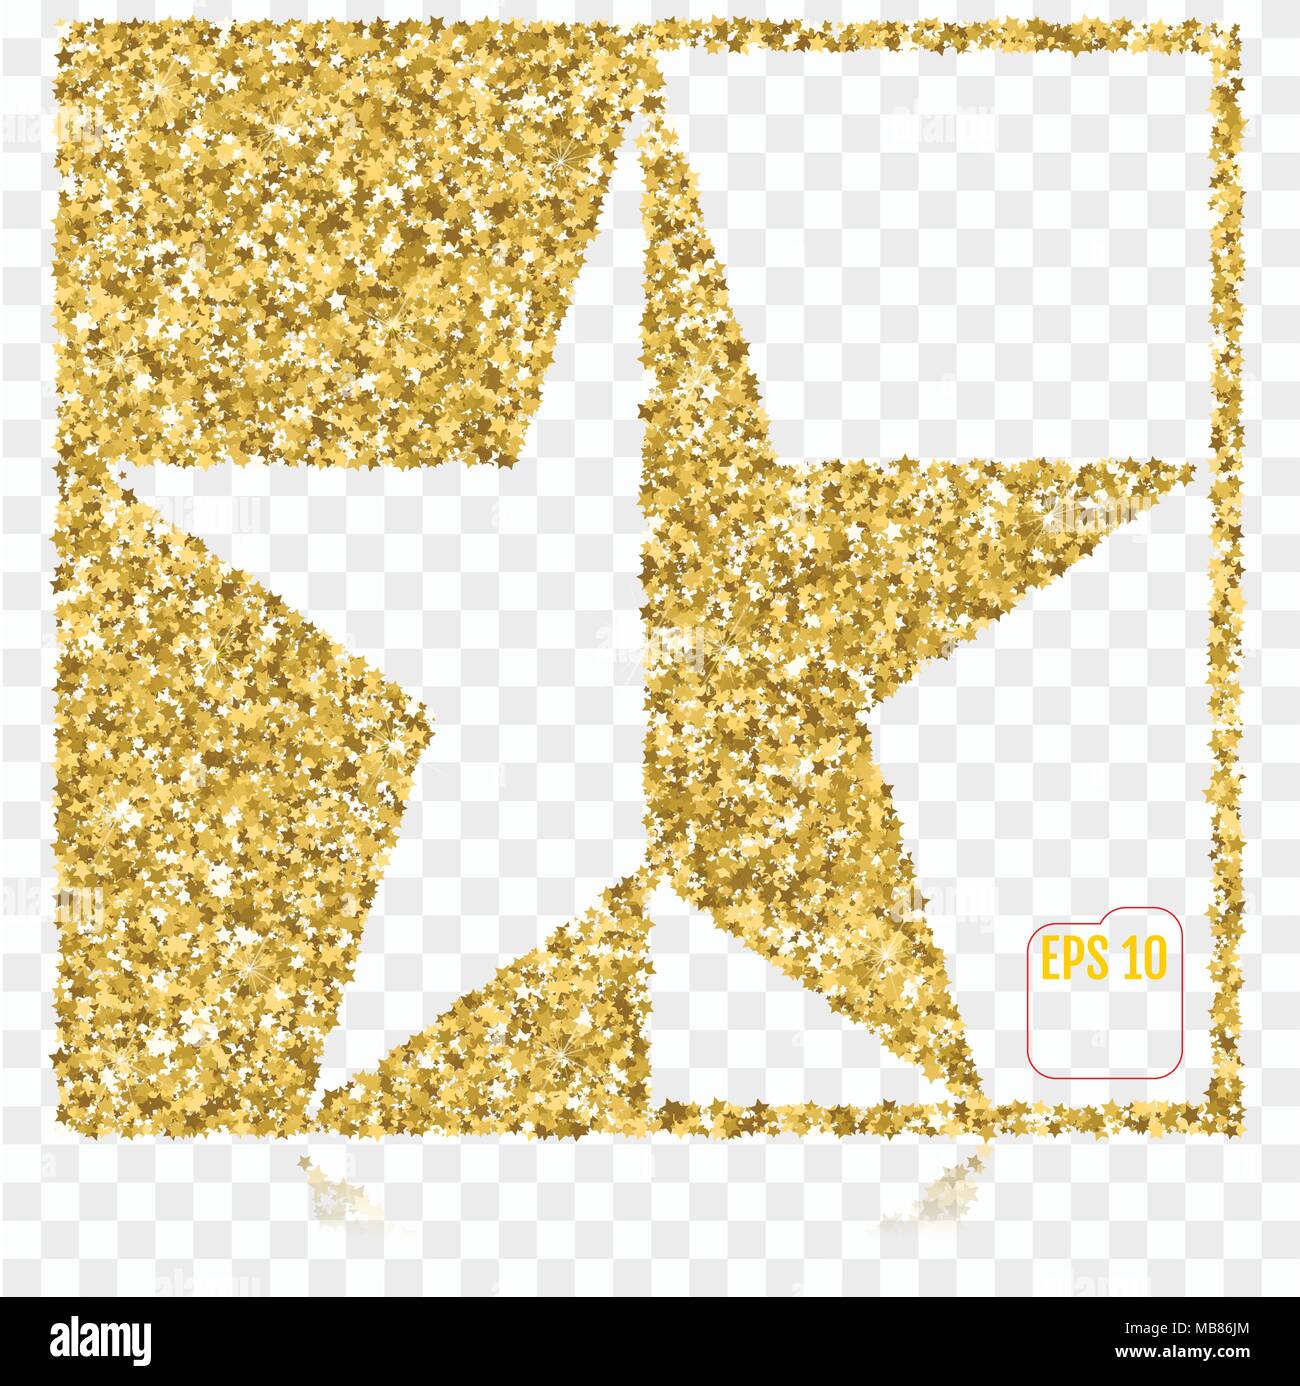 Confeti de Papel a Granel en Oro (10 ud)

---

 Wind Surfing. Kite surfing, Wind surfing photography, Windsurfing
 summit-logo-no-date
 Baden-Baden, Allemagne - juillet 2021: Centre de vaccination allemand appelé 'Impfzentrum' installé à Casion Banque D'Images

...

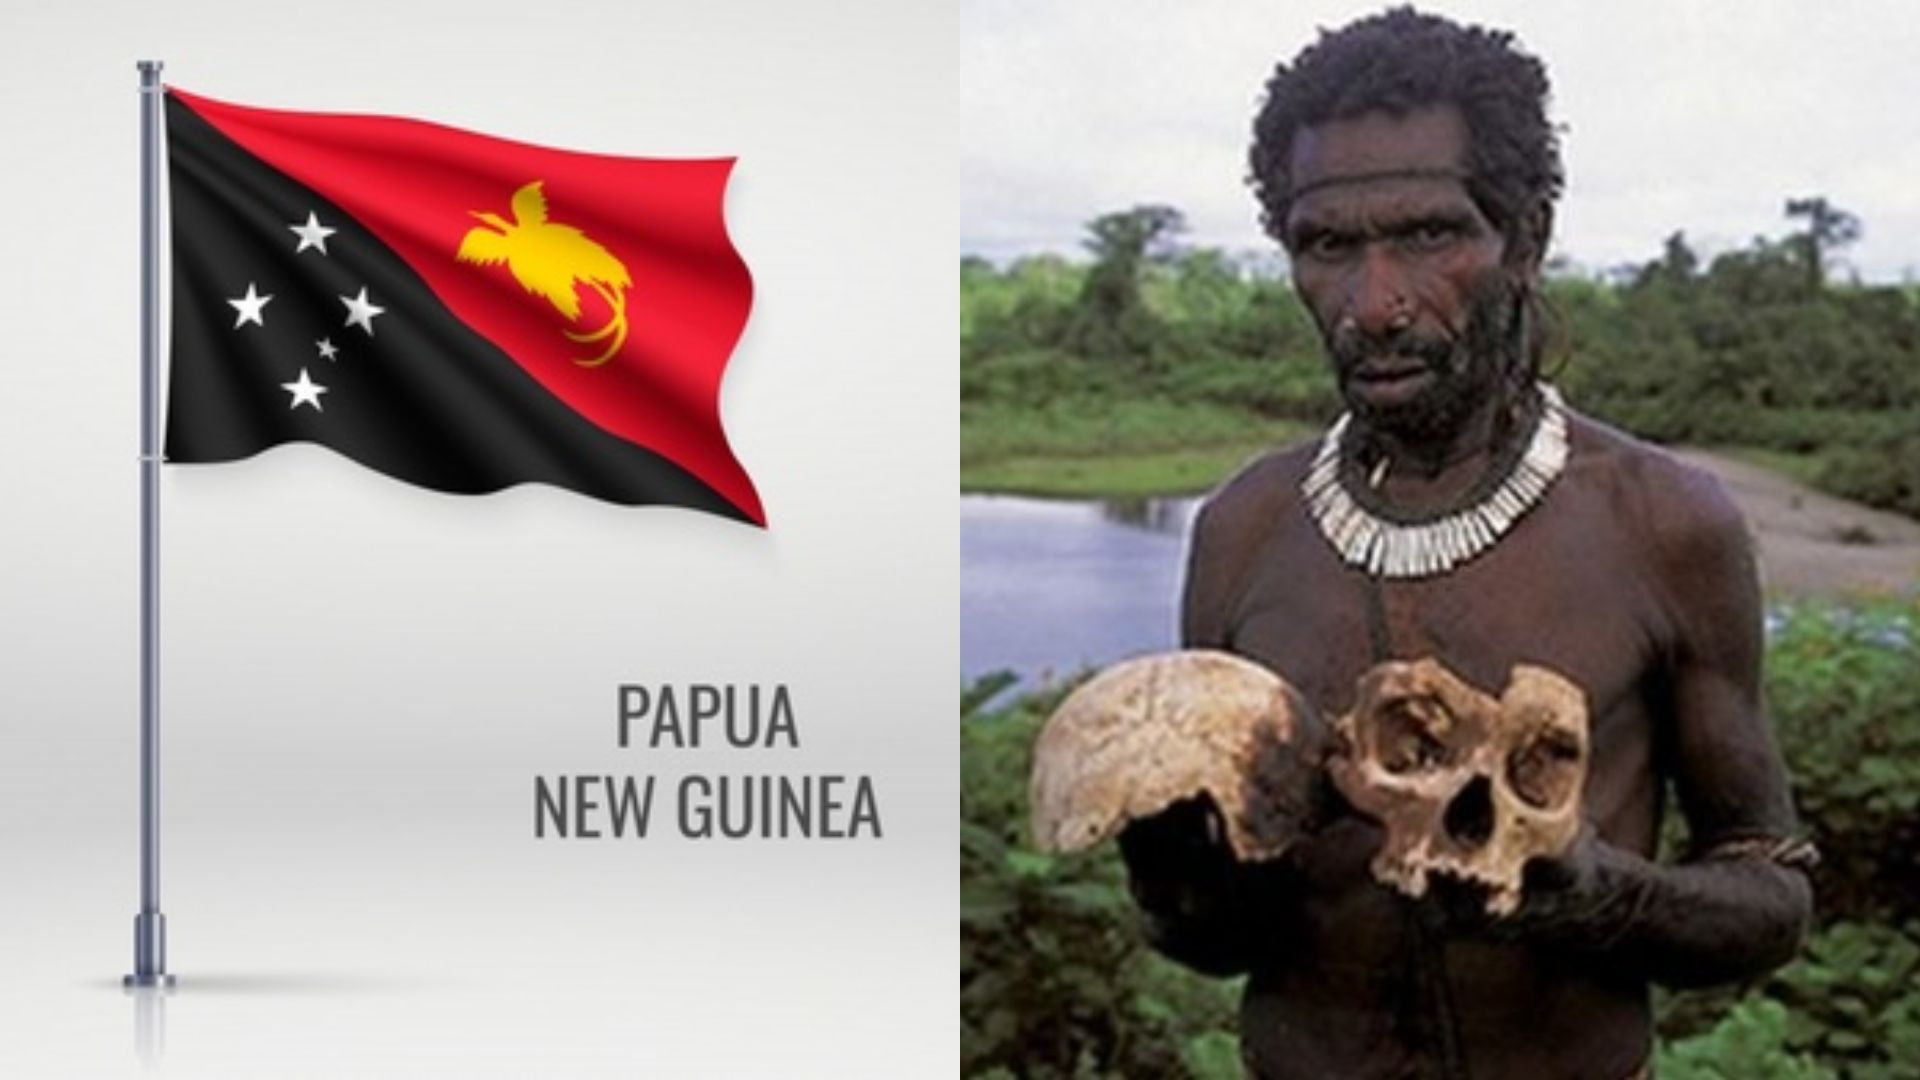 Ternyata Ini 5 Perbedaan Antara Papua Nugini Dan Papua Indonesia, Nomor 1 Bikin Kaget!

Task requirements
Write out only the lines that run from the line containing "summit-logo-no-date" through the line containing "Baden-Baden, Allemagne - juillet", both included, exactly as they appear above.

Completed task
 summit-logo-no-date
 Baden-Baden, Allemagne - juillet 2021: Centre de vaccination allemand appelé 'Impfzentrum' installé à Casion Banque D'Images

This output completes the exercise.